「ファストリがS高、1銘柄で相場を押し上げ」

著者:黒岩泰
投稿:2016/07/18 08:58

「ポケノミクス」と「ヘリマネ」

 先週末の日経平均は111.96円高の16497.85円で取引を終了した。朝方は堅調スタートとなり、その後は上値を試す展開。一時16600円台に乗せる場面もあった。しかし、新規上場のLINE(3938)が伸び悩んだほか、マザーズ指数が4%以上の下落。新興市場銘柄の一角が崩れており、投資家心理が徐々に悪化した。結局、日経平均は長い上ひげが出現し、上値の重さを示唆している。

 後場に入ってから上値が重くなったのは、日経平均の日足チャートで、上方の窓(16444.25円-16496.11円)を完全に埋めたことも要因として挙げられる。「窓の引き寄せる力」が消滅し、達成感が出やすくなったのである。

 ただ、着実に上値を切り上げており、「軸上向き」に変化はない。下方の窓(15816.67円-15956.91円)よりも先に上方の窓を埋めたことで、相場の強さを改めて示している。しばらくこの上値模索の動きは続きそうだ。

 日経平均は111円ほど上昇したが、指数寄与度の高いファストリ(9983)のストップ高がなければ、マイナスになっていたかもしれない。ファストリ1銘柄で日経平均を196円押し上げ。かなり、いびつな相場であったことを意味している。

 あとは、任天堂(7974)の動きが際立っていた。買い一巡後は伸び悩む場面もあったが、引けにかけて再度強含む動き。ほぼ高値圏で終了した。他のポケモン関連銘柄も、つれ高するものが目立ち、相場のけん引役となっている。ただ、競合相手となるゲーム関連の一角には売りが出るなど、業種のなかで明暗が分かれている。資金が一極集中している感が強く、個人投資家の多くは「やりにくい」と感じていることだろう。
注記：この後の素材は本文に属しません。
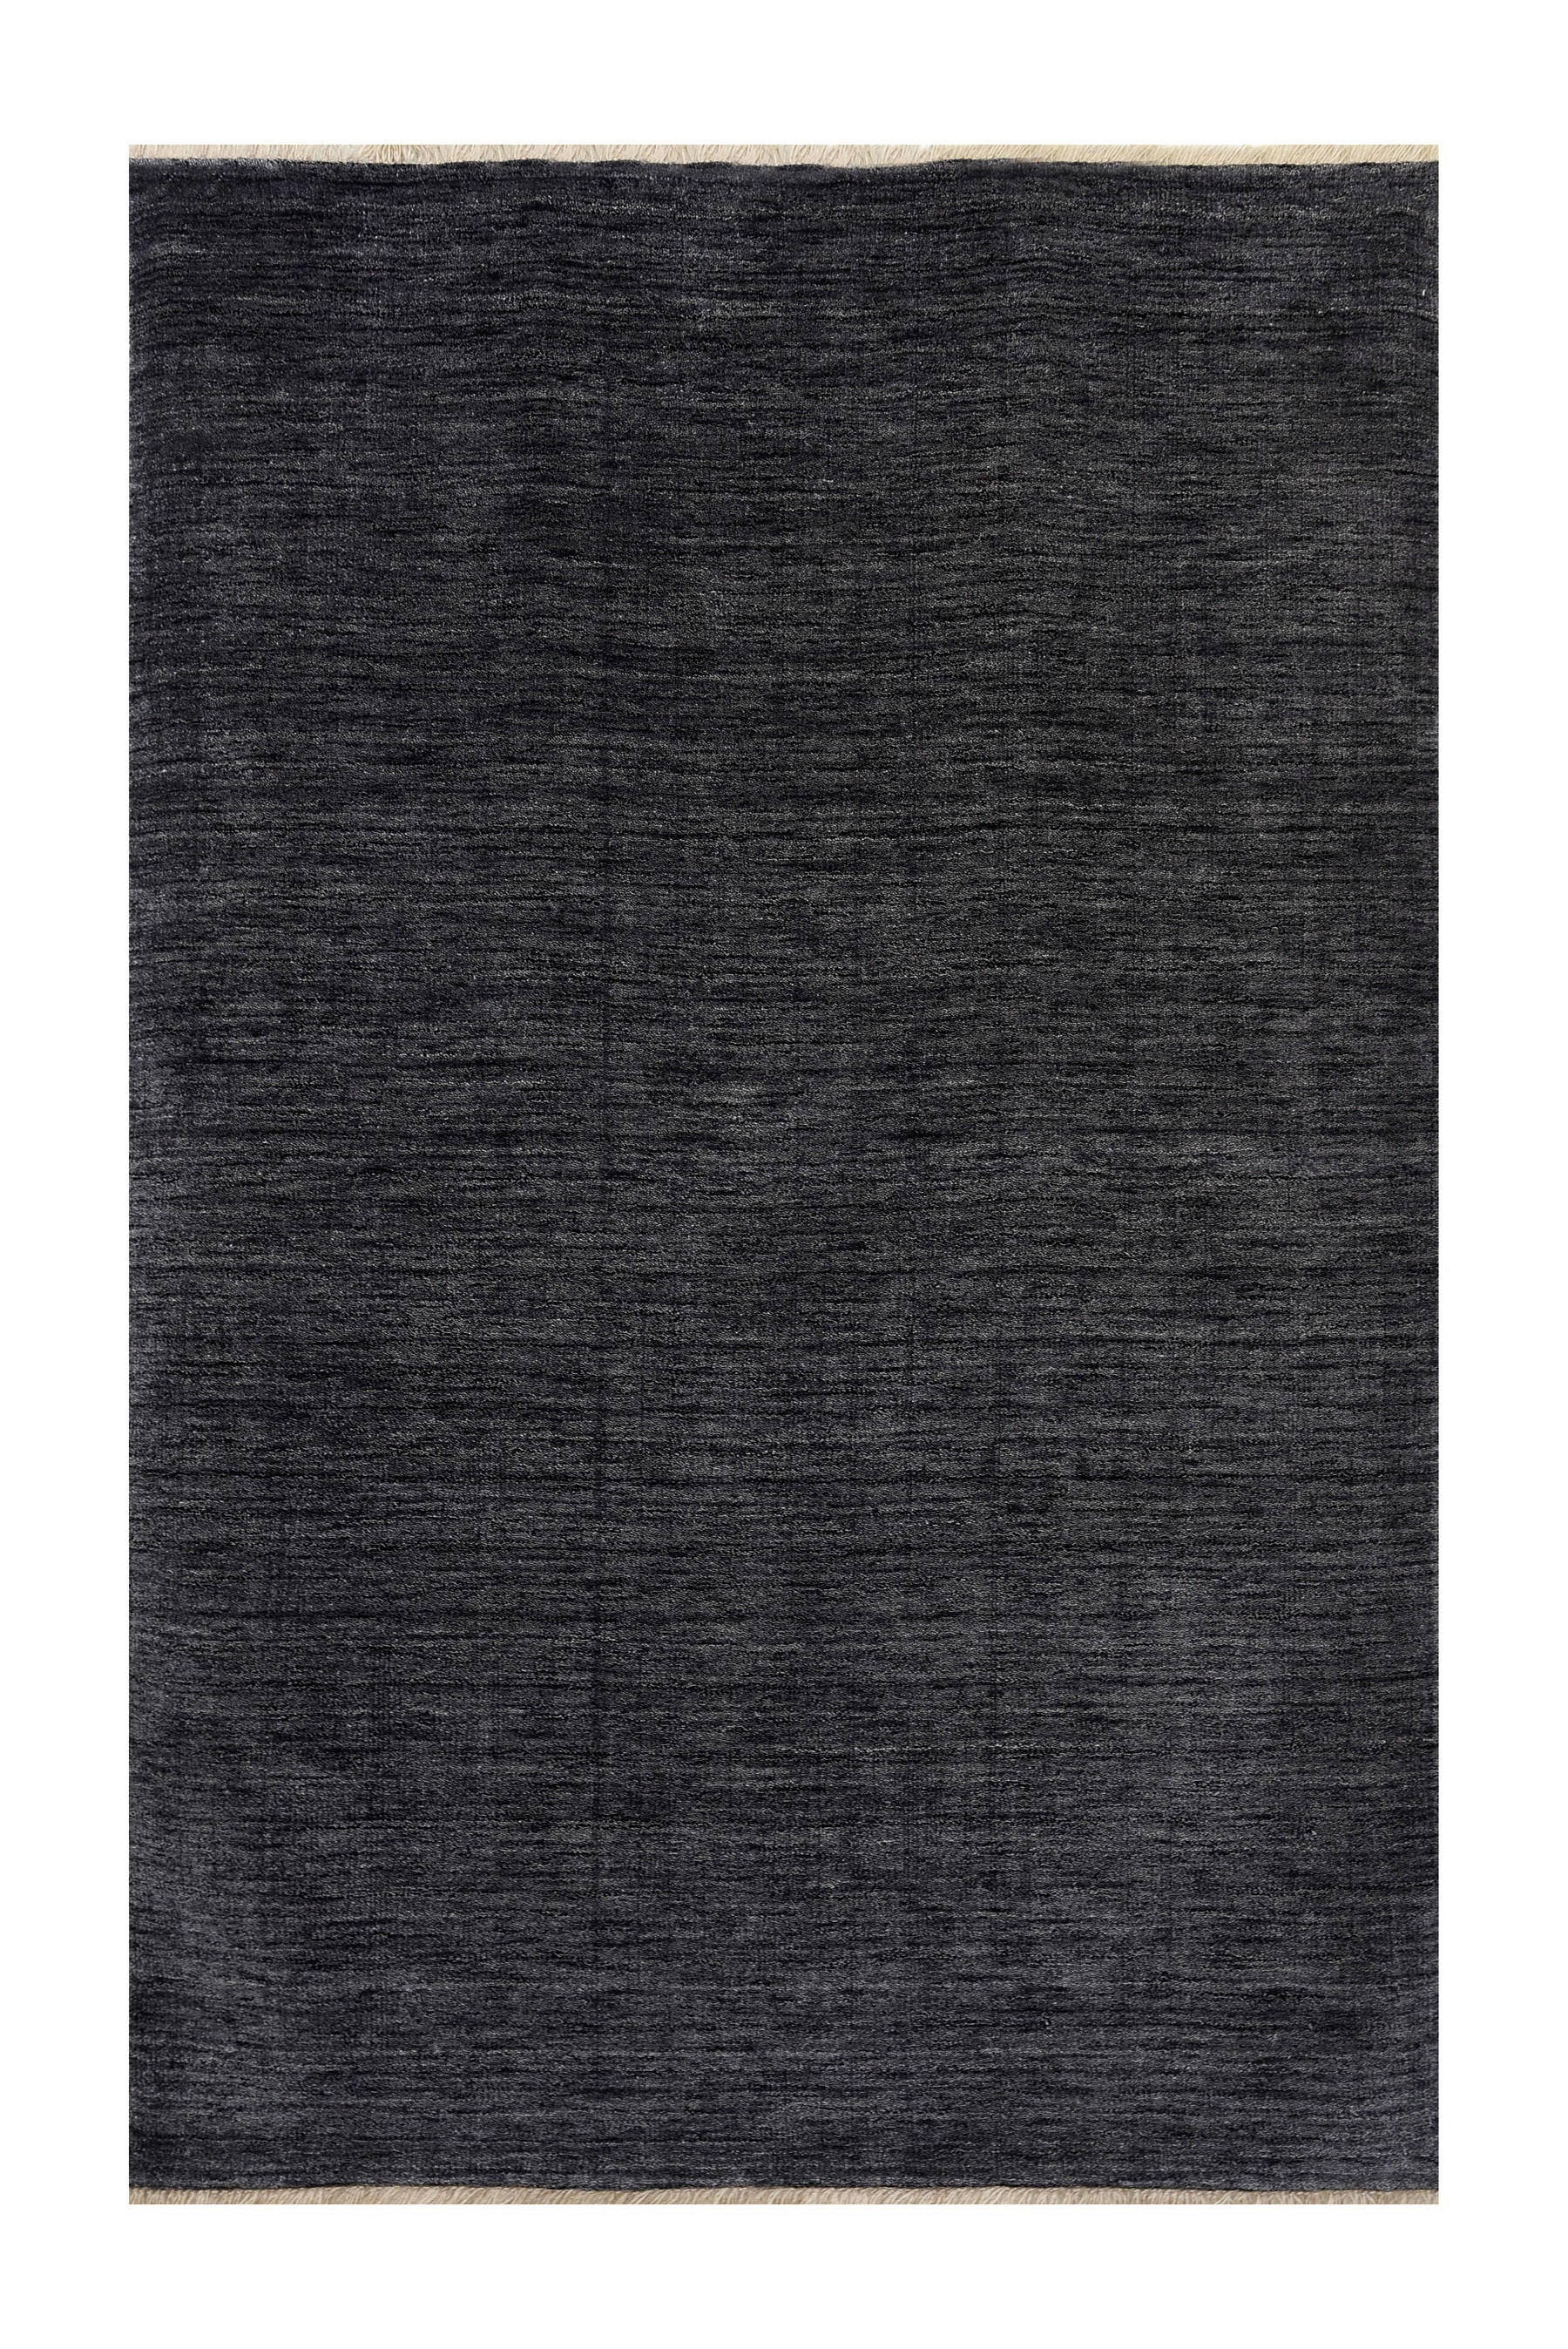 ORIENTTEPPICH Alkatif Nomad   - Grau, KONVENTIONELL, Textil (60/90cm) - Cazaris

 現在のマーケットは、ほぼ2つのキーワードで動いている。ひとつは「ポケノミクス」であり、新作AR(拡張現実)ゲーム「ポケモンGO」の関連銘柄を中心に物色。その代表格は任天堂である。そして、もうひとつのキーワードは「ヘリマネ」である。バーナンキ前FRB議長の来日で、にわかに浮上してきた日銀の究極のバラマキ政策。「いよいよ現実味を帯びてきた」との見方もある。足元の急速の円安・株高は、この超金融緩和への期待が背景となっているのだろう。日本の金融・経済を破壊する「非常に毒性の強い政策」であるが、仮にハイパーインフレになれば株価は予想外の急騰劇を演じることになる。初動段階としての足元の株高はそれをイメージさせるものであり、投資家はこの流れについて行くしかない。日銀が本当に気でも触れて、「ヘリマネ」をやったら、売り方は壊滅するからだ。上がるに下がるにせよ、今の相場で逆張りはご法度。素直に流れにつけば、大やけどすることはない。